Located south of Dong Cheng district is one of the ten best parks in Beijing is Wan liu ge. The restaurant itself is a converted residence of traditional courtyard house architecture, beautifully painted on the outside and inside full of authentic stone sculpture, wood carvings and admirable wood panel fret-work showing scenes from times gone by. The courtyard (once open to the sky) has been covered to provide space the largest dining area. Eight VIP dining rooms occupy the classic bay, or "the space between", design of the classic courtyard/bay architecture. One of the VIP rooms had an exposed ceiling showing the typical pillars-and-beams framing the epitomizes this tradition.
Equally impressive is the restaurant's surroundings. A very spacious outdoor courtyard dining area with comfortable canvas chairs is separated from the lake of this beautiful park by a sinuous pure white carved stone wall. The restaurant and the courtyard blend effortlessly with the calm and restful natural surroundings: an uncommonly relaxing environment.
Ninety per cent of Wan liu ge's customers are Chinese, but the menus are in English with pictures and the severs are young and polite.
Our diner began with a salad of toon spouts and peanuts in a light vinaigrette. The Chinese toon is a perennial hardwood, also used in Chinese traditional medicine. The very young spouts and young leaves are highly aromatic, nutritional and healthy, with a taste similar to what we call bean sprouts.
A dish of sauteed peeled asparagus, lily bulb (a starchy and therefore slightly glutinous bulb when fried) and Chinese yam (not a yam as we know it, but an edible tuberous root with medicinal properties) made for a mild and pleasant vegetable side dish.
Our two main entrees were the ubiquitous Peking duck and Mandarin fried fish, Sichuan style. The fish was presented on a platter in it's entirety, head and tail, with it's spiky spine curving like a snake around the bite-sized pieces of fish.

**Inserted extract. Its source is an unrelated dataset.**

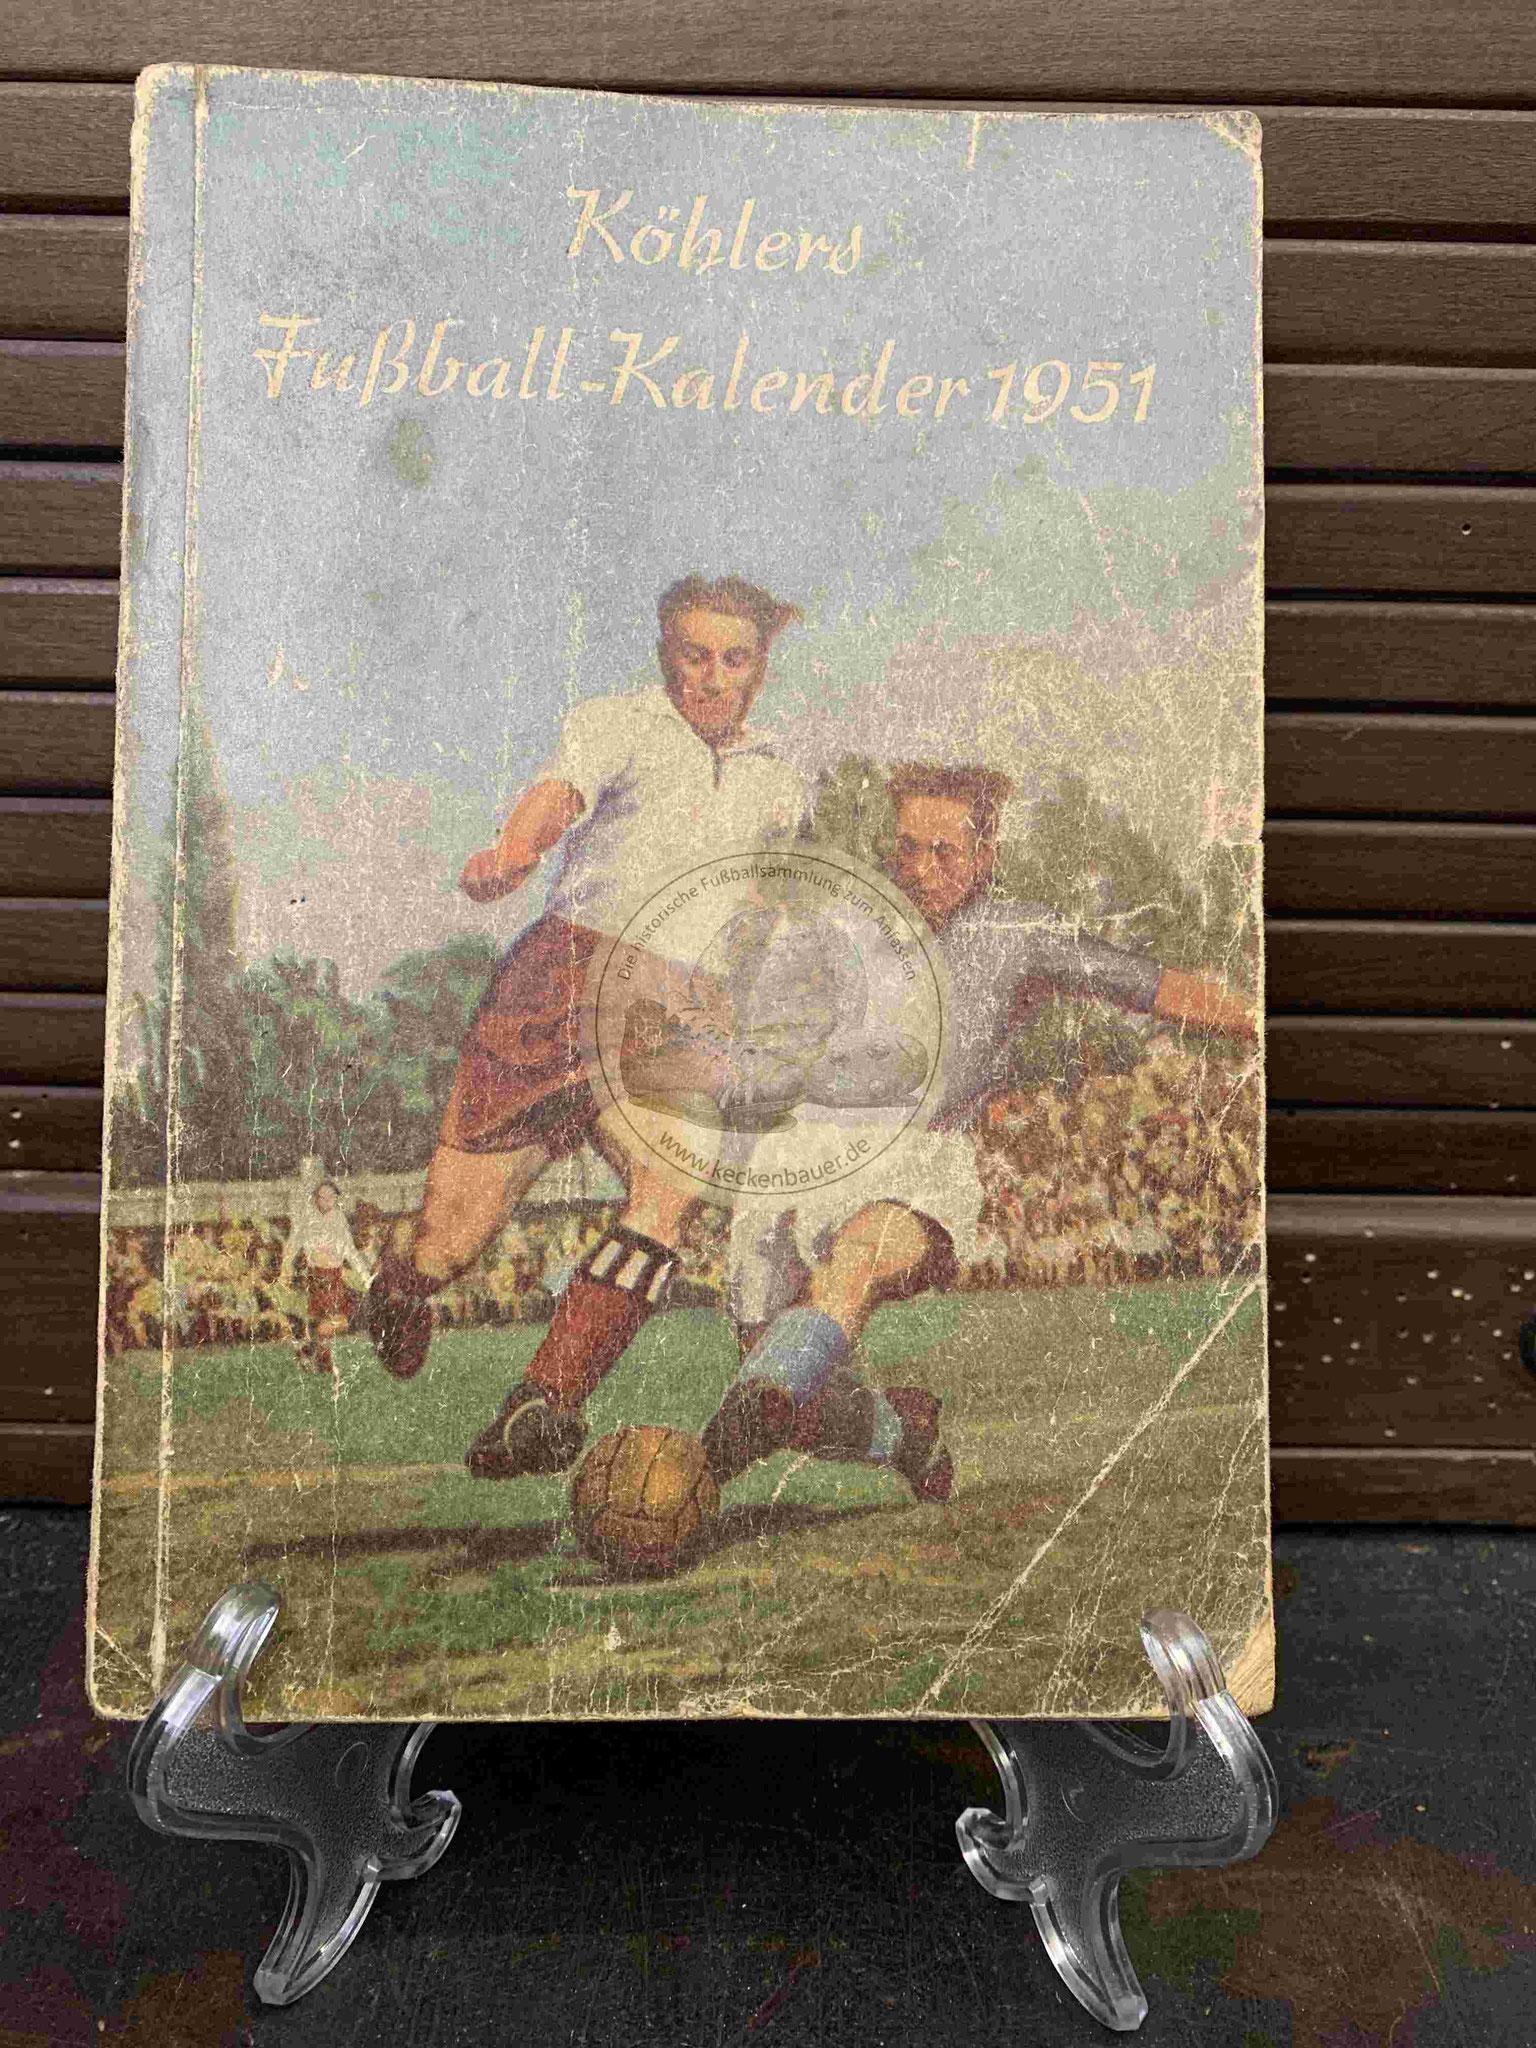 Köhlers Fußball Kelender 1951

Three other dishes we sampled were a refreshing boat of steamed pumpkin cubes in a light sugar syrup, a plate of very plump fried meat dumplings and a flaky tube of eel-stuffed pastry. Yes, I said eel-stuffed. The pastry was very flaky like a puff pastry but softer and messier. If I hadn't been told the filling eel, I would have thought it was a sweet fig filling: a pleasant surprise.
Diner over, we heard some music playing in the distance. I was told amateur musicians gather nightly to play Peking opera, playing that night on a type of Chinese lute and two differently pitched vertical bowed fiddles, with different singers taking turns. This was another example of the superlative environment to be found at Wan liu ge's.